Et c'est pourquoi l'humanisme sera, à strictement parler, pour tout chrétien soucieux du sens des mots, un leurre ou un contresens, où l'homme déplore les conséquences des causes qu'il chérit (si la cause des malheurs de l'homme et du monde réside dans la Chute, c'est-à-dire l'autonomisation de l'homme par rapport à Dieu, alors ...). Et je ne doute pas que Tolkien ferait sienne cette analyse de l'histoire des mots et du quiproquo moral qui ont sinon présidé en tout cas accompagné ce contresens :
[citation]La « sécularisation » désigne, outre les événements ponctuels que rapporte l’histoire, une théorie de plus vaste ampleur sur l'Histoire en général, laquelle aurait une tendance spontanée à prendre distance par rapport au sacré initial et à s'installer dans le profane.
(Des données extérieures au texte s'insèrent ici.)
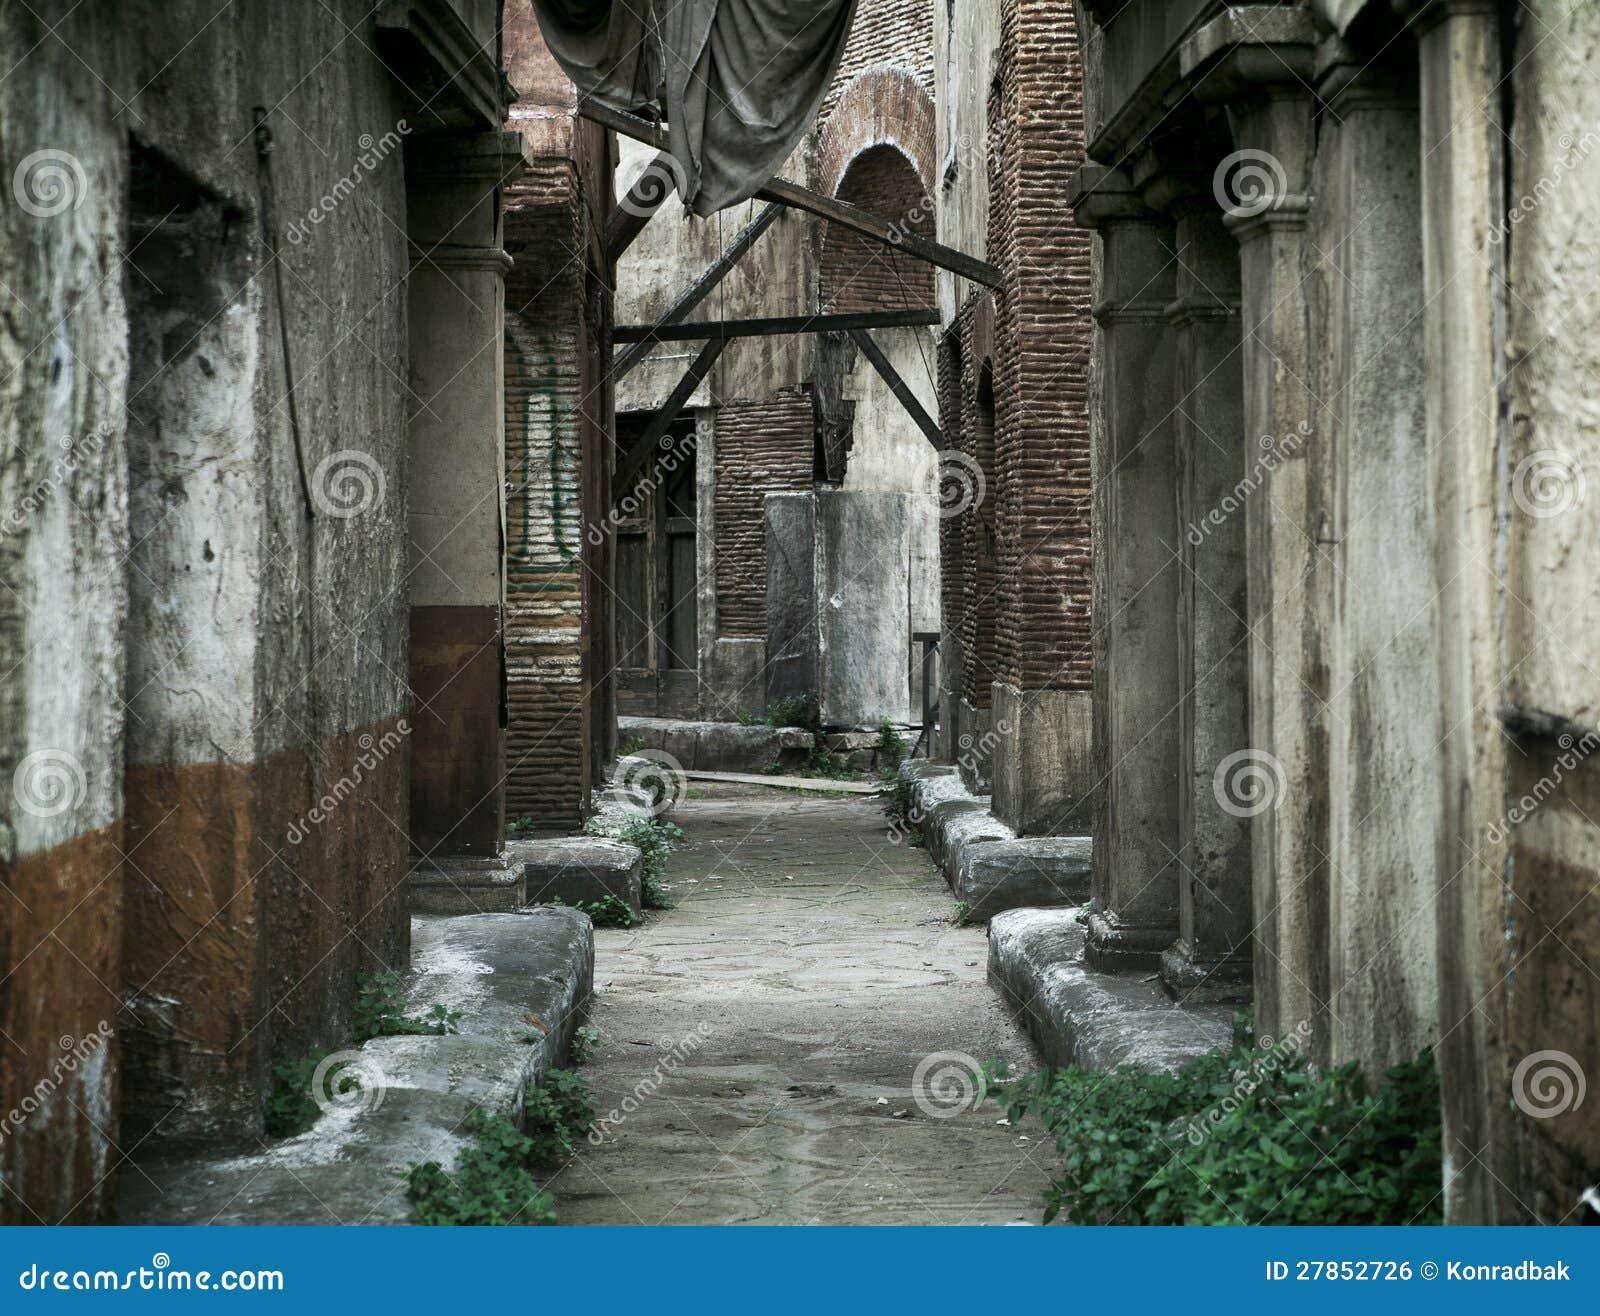 Vecchie case abbandonate a roma antica immagine stock for Seminterrato di case abbandonate

La sécularité serait de la sorte non seulement un état de fait, mais le but vers lequel tendrait le mouvement de l’histoire. Avec le « sécularisme », nous faisons un pas de plus. Le suffixe suggère une valorisation, une prise de parti en faveur du mouvement vers la sécularité, lequel est accueilli non seulement sans regret, mais avec satisfaction, au point que certains souhaitent l’accélérer encore. [...]
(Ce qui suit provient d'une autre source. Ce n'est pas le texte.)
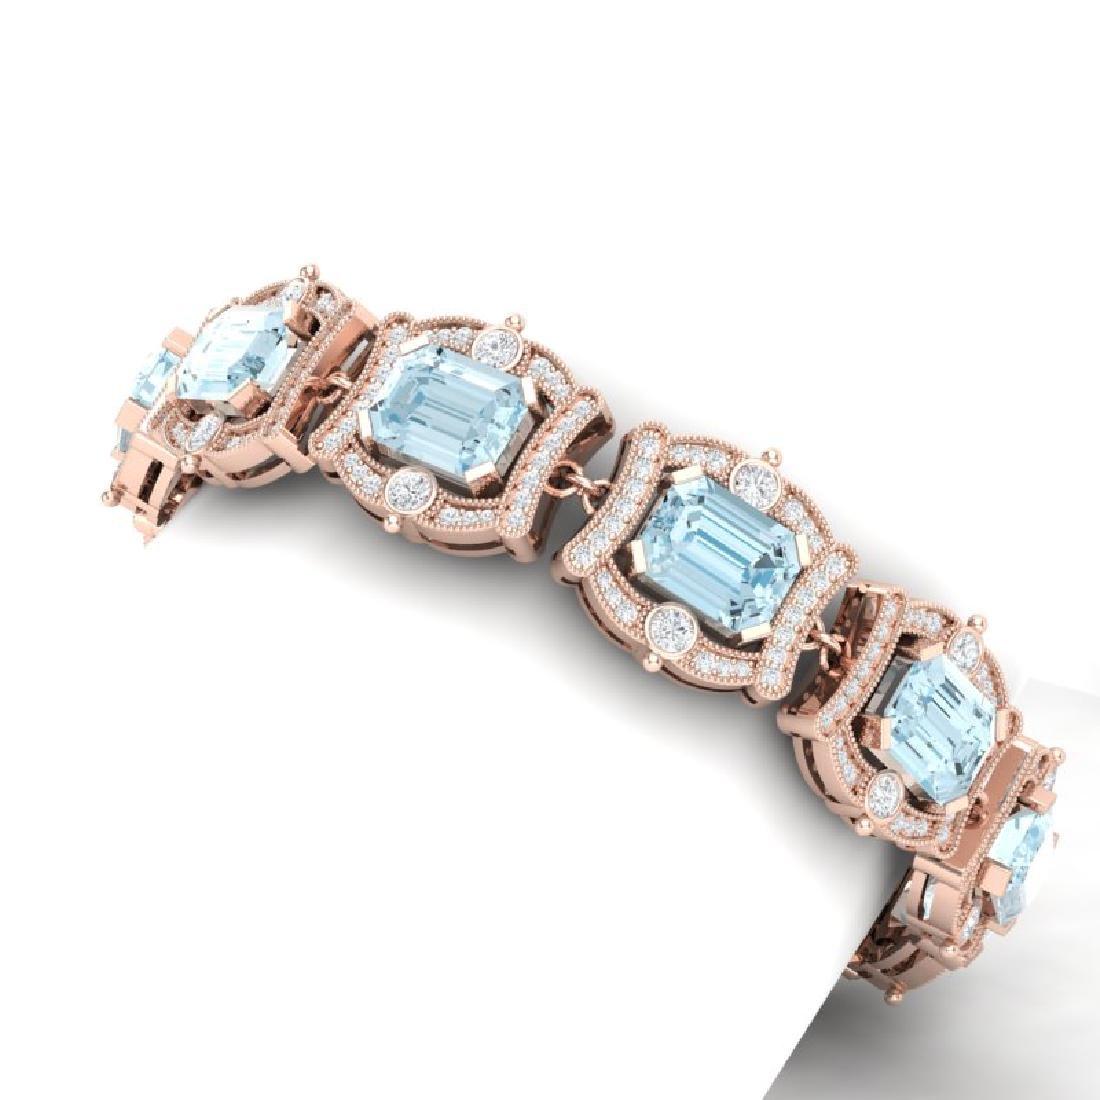 42.18 CTW Royalty Sky Topaz & VS Diamond Bracelet 18K - 2

Quant au fond, le débat pour lequel il a été forgé est faux : le sécularisme s’imagine que la religion est à l’origine de préceptes moraux, et qu'il convient de montrer que ceux-ci se laissent penser sans une révélation particulière de Dieu. Or, c’est justement ce que le christianisme soutient explicitement depuis l'Épître aux Romains [small](II, 14-15)[/small] et, implicitement, depuis Jésus lui-même [small](Pour la problématique d'ensemble, voir mon La Loi de Dieu, op. cit., surtout p. 87-88 et 111-113)[/small]. Les partisans du sécularisme sont d’ailleurs fort excusables, car bien des chrétiens de l'époque croyaient défendre la religion en montrant qu’elle est indispensable pour assurer l'éducation morale de l’homme.[/citation]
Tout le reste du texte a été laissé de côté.